DATA PROVIDED -
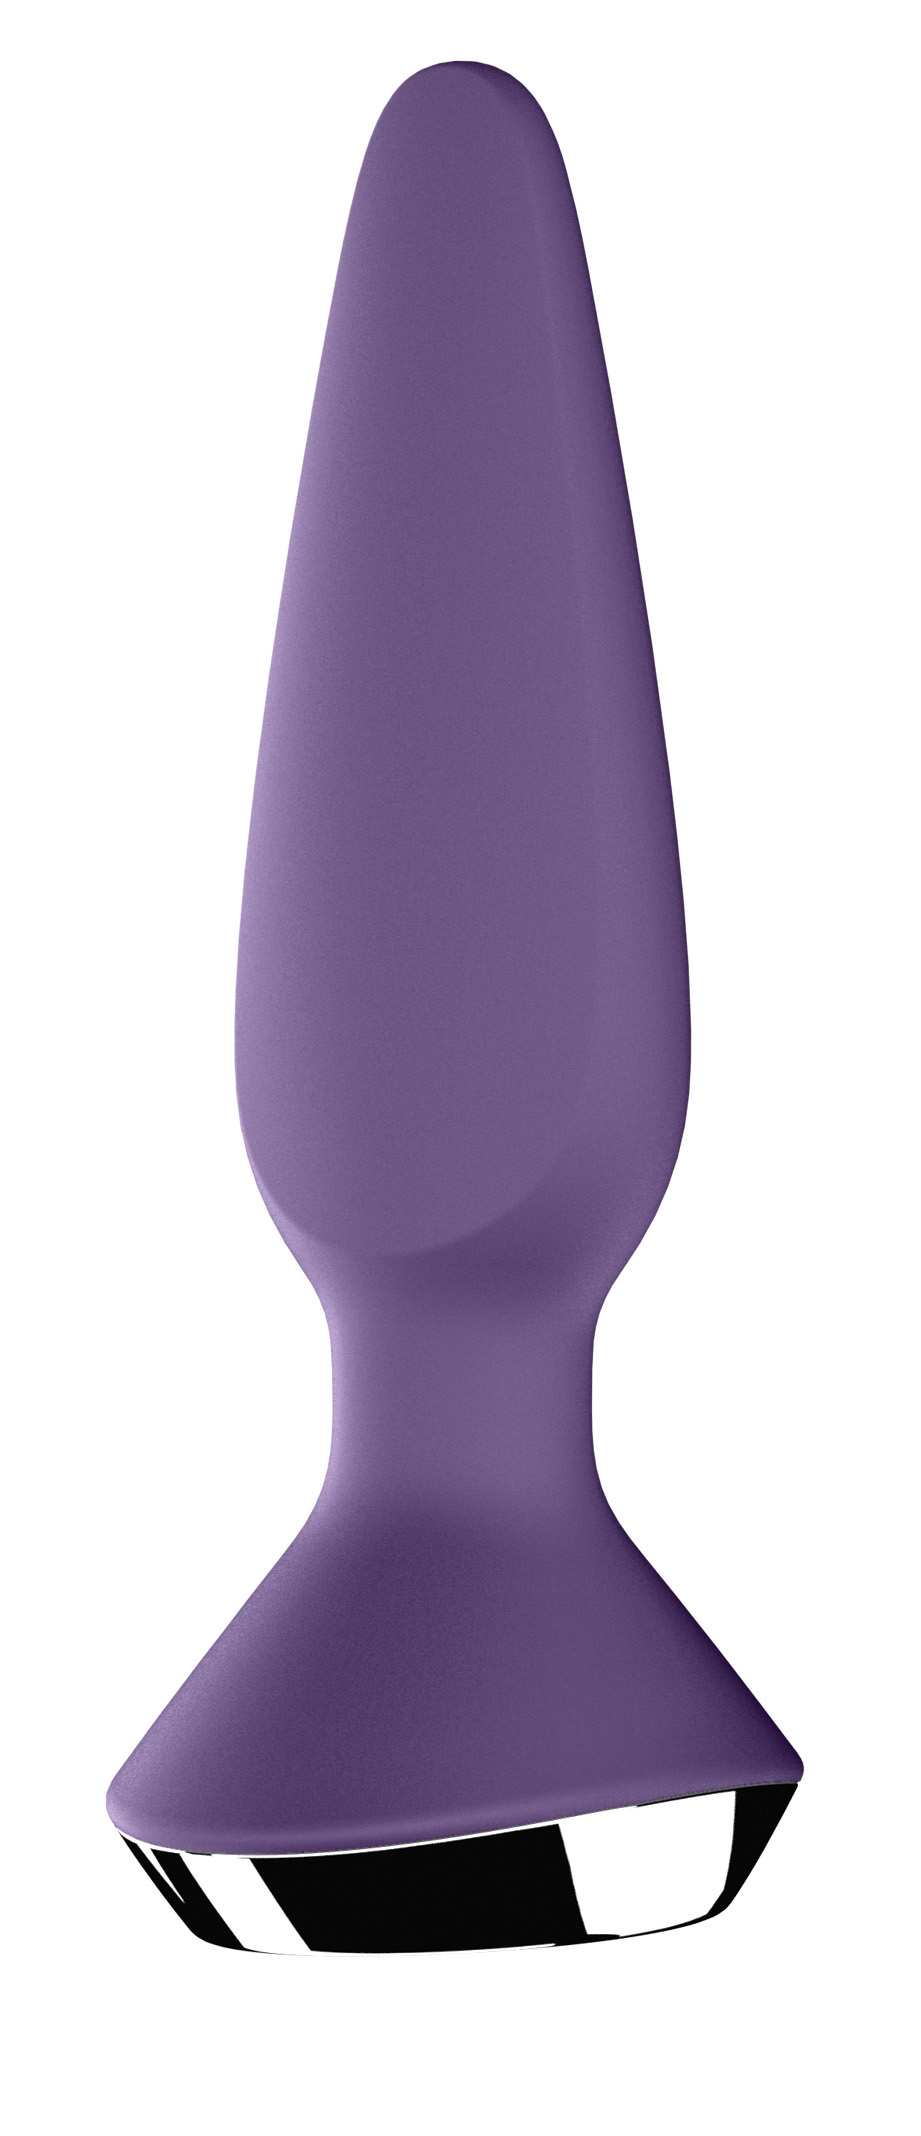 SATISFYER Plug-ilicious 1 purple
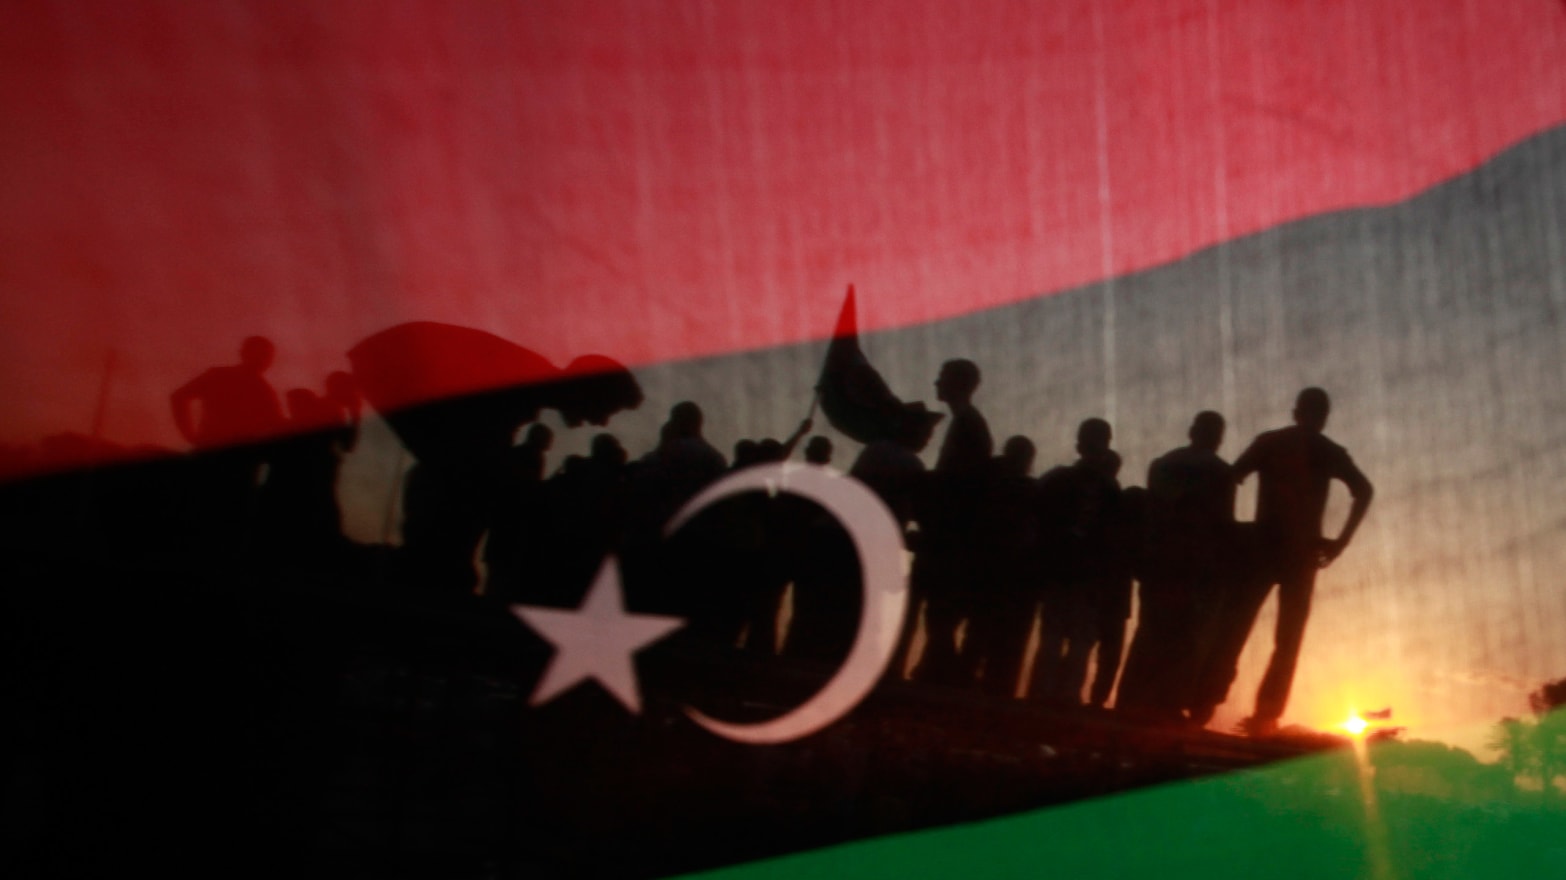 Λιβύη κατάπαυση πυρός: Ραγδαίες εξελίξεις στη Λιβύη με τις δυνάμεις του Χαφτάρ
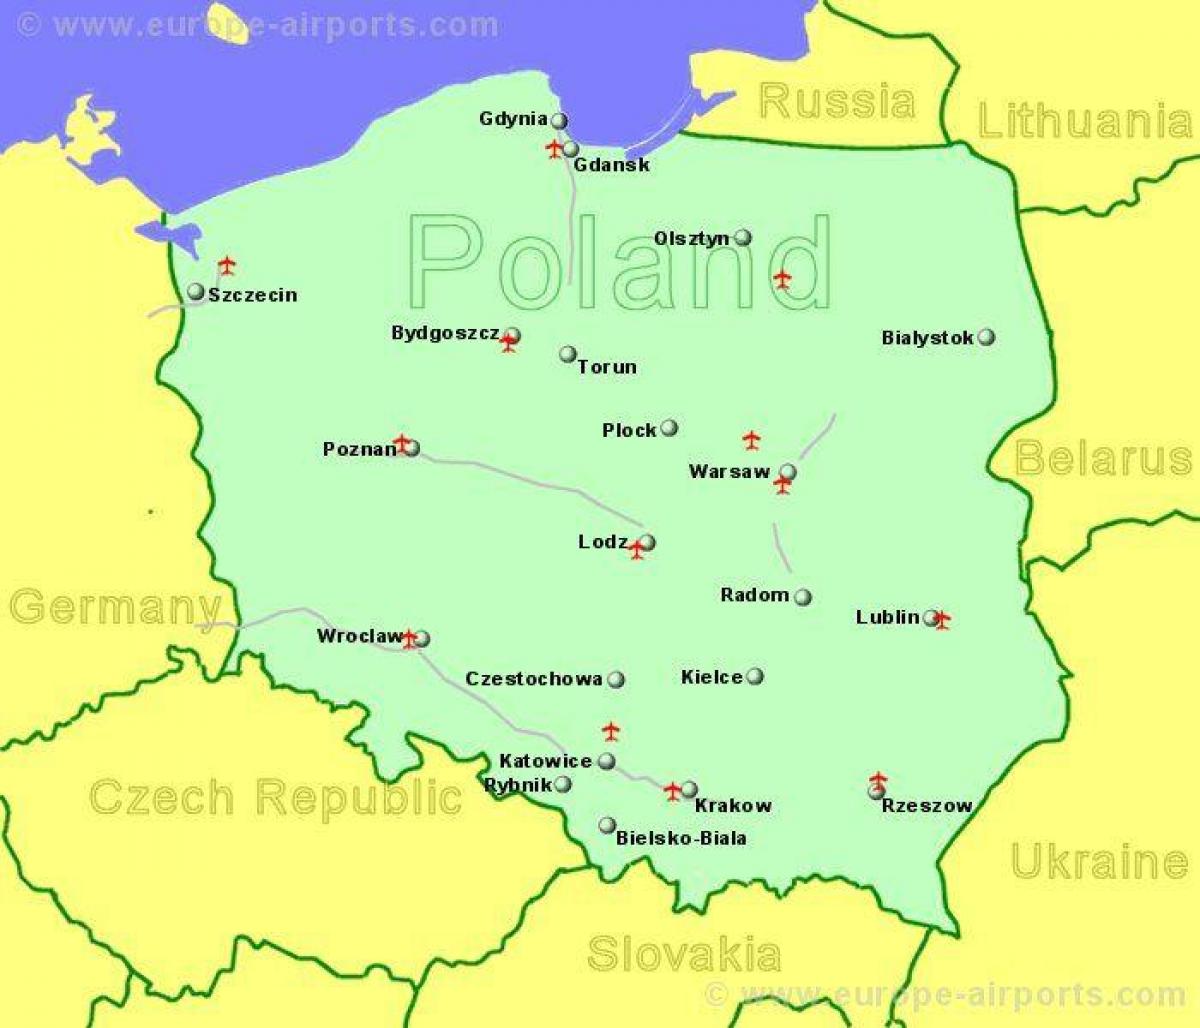 mapa de Polonia, mostrando los aeropuertos

WORK INSTRUCTION - Only the pictures are to be omitted; restate everything else above exactly.

OUTPUT FOR THIS EXERCISE -
 SATISFYER Plug-ilicious 1 purple
 Λιβύη κατάπαυση πυρός: Ραγδαίες εξελίξεις στη Λιβύη με τις δυνάμεις του Χαφτάρ
 mapa de Polonia, mostrando los aeropuertos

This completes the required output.